Yes, it's always shaking when the foundations you rely upon crumble under your feet. But that's precisely why it's important to fix the structural misdesign early rather than late. The challenge is to do it in non-disruptive ways; I admit I have only been so good at that.
This will be a maintenance principle going forward: no changes to user-extendible classes without renaming.
I fear this is a good guideline, but not a strict principle.
This suggests a corollary: in order to prevent horrible *internal* update issues, we should split apart user-extensible classes from internal classes.
E.g., it would make sense to have something like INTERNAL-OPERATION and OPERATION be distinct going forward. That naming policy is obviously not tenable for ASDF now -- OPERATION is used everywhere and must remain -- but adding USER-OPERATION might be a plausible step.
That allows us to incompatibly modify the guts of the program while providing a stable, or visibly-broken, API to the user.

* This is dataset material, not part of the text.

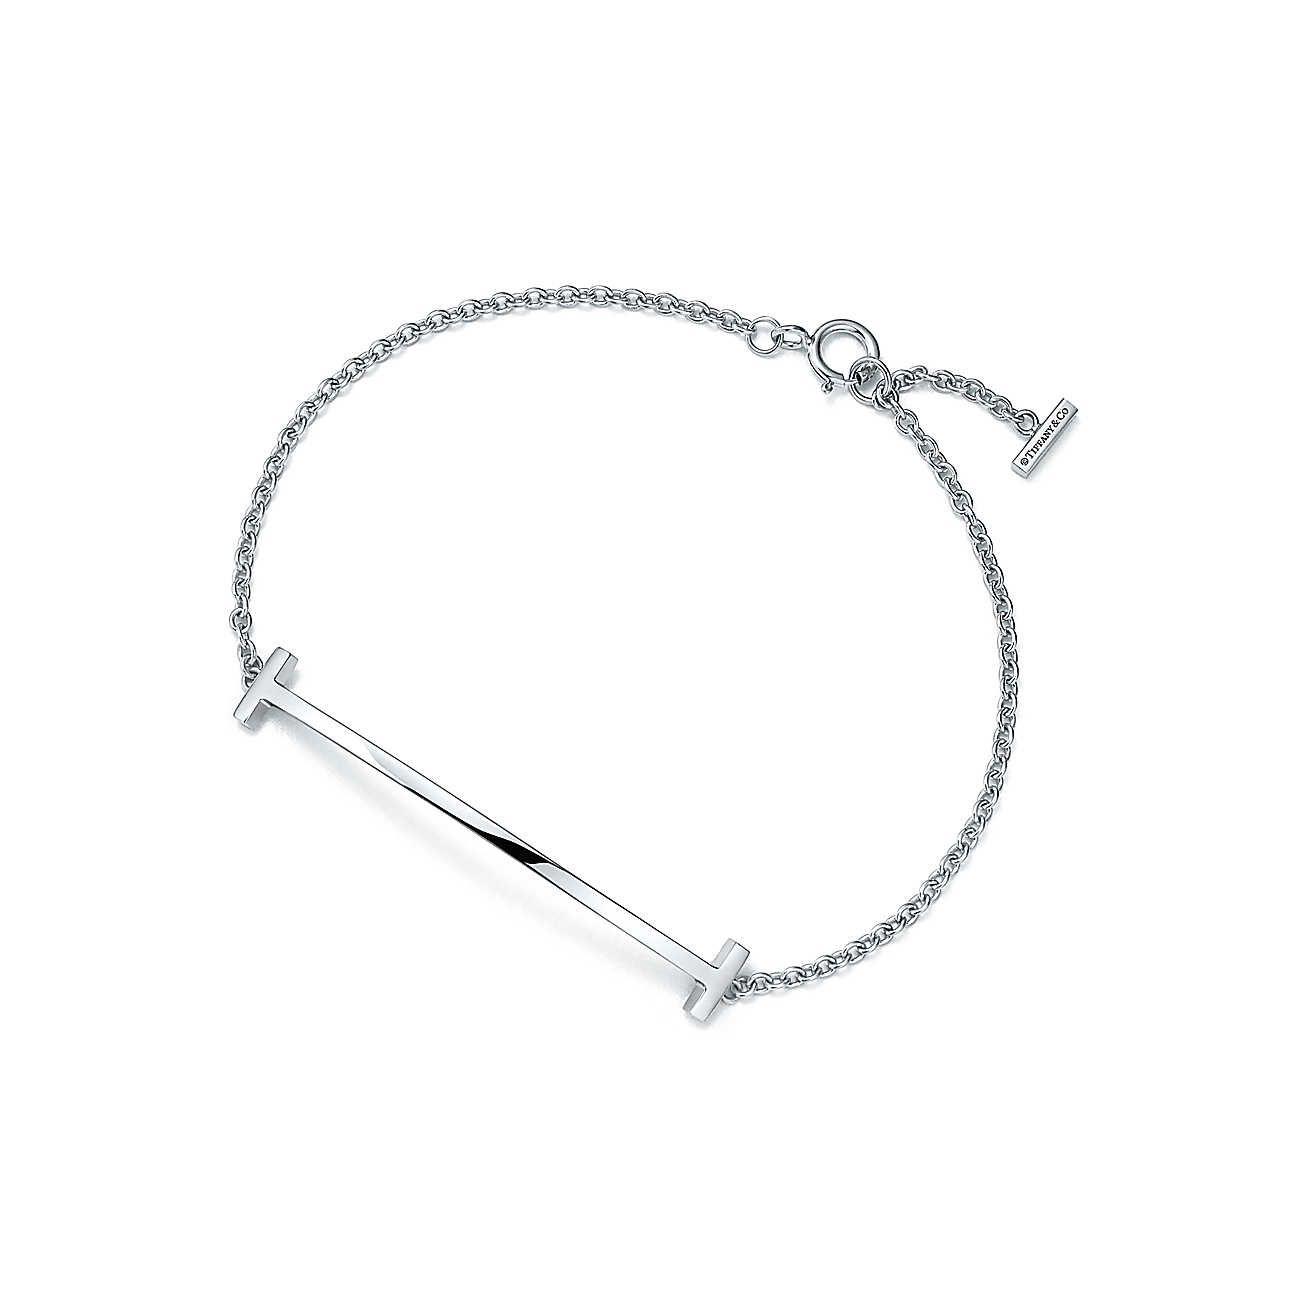 88ff345d9 Smile Bracelet | Gifts.Wishlist | Tiffany bracelets, Tiffany t, Tiffany
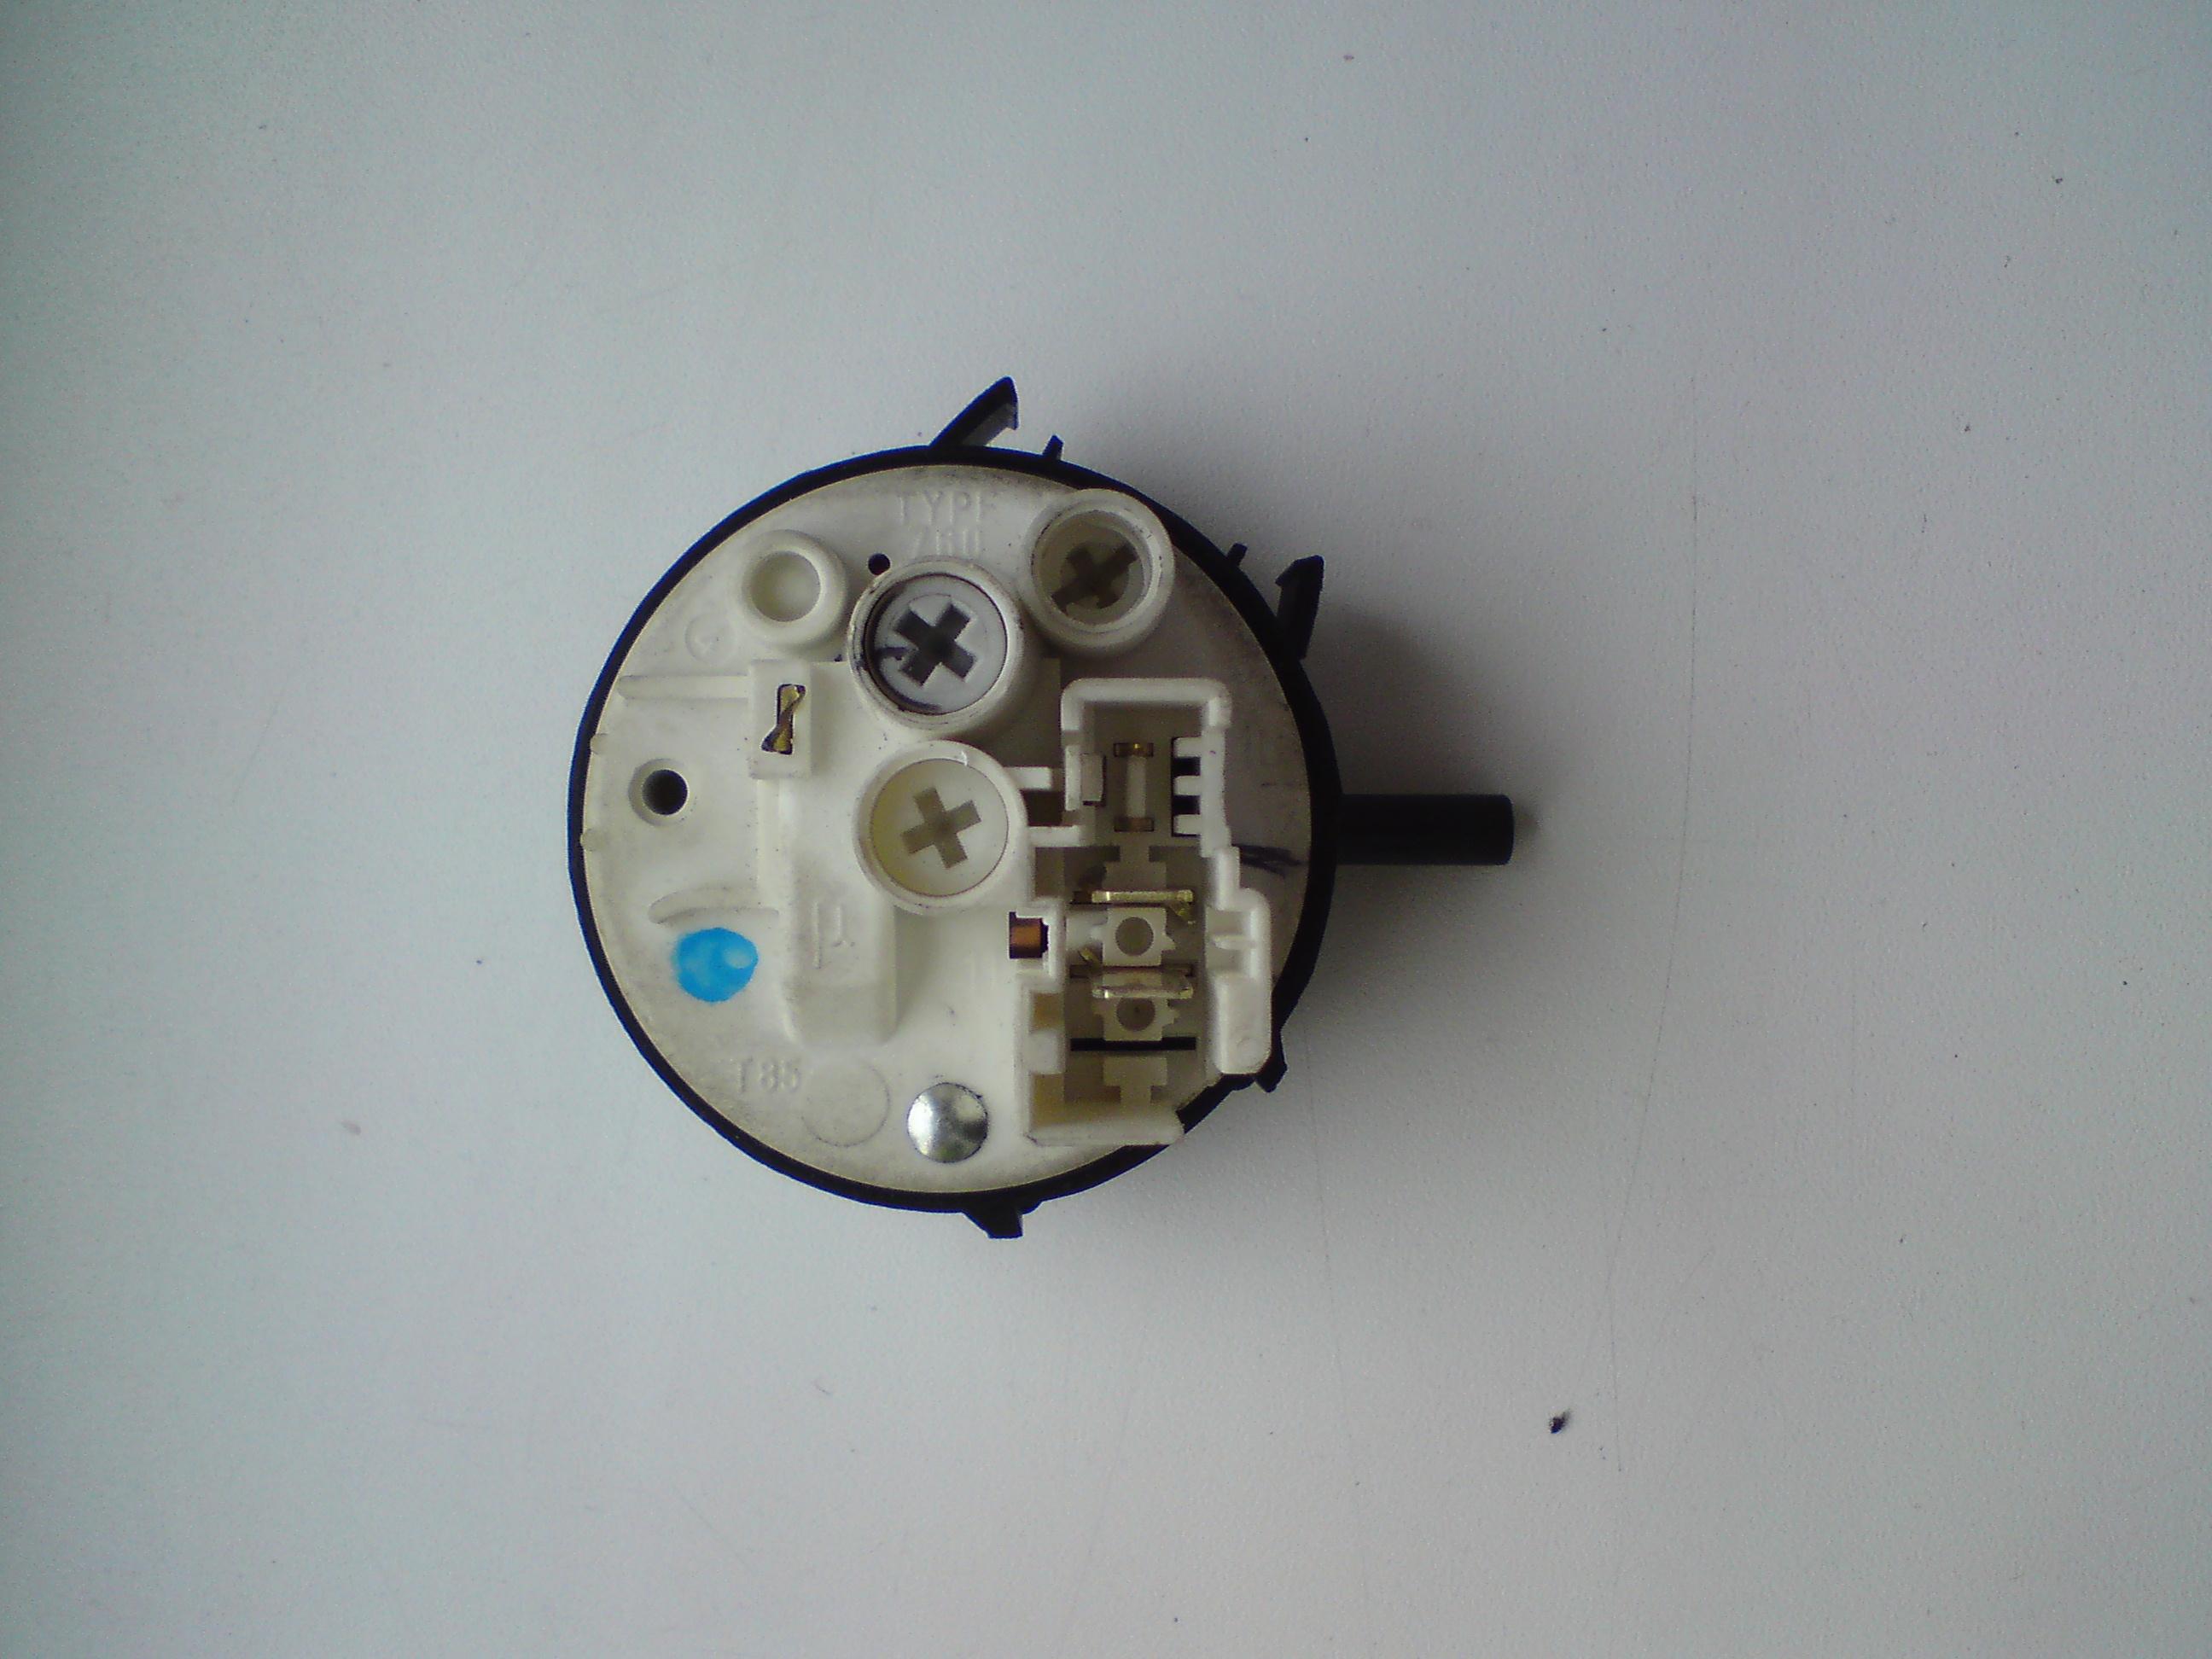 Cudowna Polar ptl 1000 kody błędów - elektroda.pl UX29

I'm not convinced that adding a class makes things more stable rather than less. If anything the name should be more like a versions ASDF3-OPERATION than USER-OPERATION. And what of people who want to define methods on ALL operations? Or do you want to document two distinct classes, the base of all the hierarchy OPERATION, versus the base for user-extensibility, with plenty of additional semantics, that would be ASDF3-OPERATION? But what if people precisely want no additional semantics? Worse, what if a third party wants to hook in additional semantics to some (or all) operations? I think it makes sense to define new classes when you add new semantics, and not put all the functionality in the base class; but I don't think it makes sense to create gratuitous new classes just because you believe their might be a need for an entry point.
But once again, I believe it's too late to do anything about OPERATION. So let's consider a potential future cleanup one might want to do. Let's pick an "easy" one: the case of MODULE and SYSTEM. When rewriting ASDF, I initially wanted to make a system NOT be a MODULE, but to introduce separate classes PARENT-COMPONENT and CHILD-COMPONENT, such that a MODULE would be both a PARENT- and a CHILD- whereas a SYSTEM would be a PARENT- but not a CHILD-. This wasn't compatible with many systems that define methods on MODULE for the specific purpose of their being run on systems: indeed, that was the recommended backward-compatible way in the manual(!) to override the file type of Lisp files in a system, as opposed to the new way of using (and maybe defining) a subclass of CL-SOURCE-FILE with a different :type. If you want to clean that up, you'll have to make sure no one write methods on MODULE and expect them to work on SYSTEM. That will require changing a few systems in Quicklisp and providing a transition period; but eventually, you can make that cleanup. And for that cleanup, it would be counter-productive to rename the whole class hierarchy and make everything incompatible, when 99% of the code is compatible, and the offending code is arguably buggy (be it at the suggestion of the buggy manual).
Class hierarchy surgery is hard. But "just create a new hierarchy" is sometimes self-defeating. If the goal is a better system at the price of incompatibility, consider XCVB. If the goal is to slowly steer the CL community towards having a saner build system, all the while providing a smooth upgrade path via backward compatibility with recent-enough versions, then software surgery is the rule.
—♯ƒ • François-René ÐVB Rideau •Reflection&Cybernethics• http://fare.tunes.org Tradition is the matter of which civilization is made. Anyone who rejects tradition per se should be left naked in a desert island. Innovation is the matter with which civilization is built. Anyone who rejects innovation per se should be left naked in a desert island.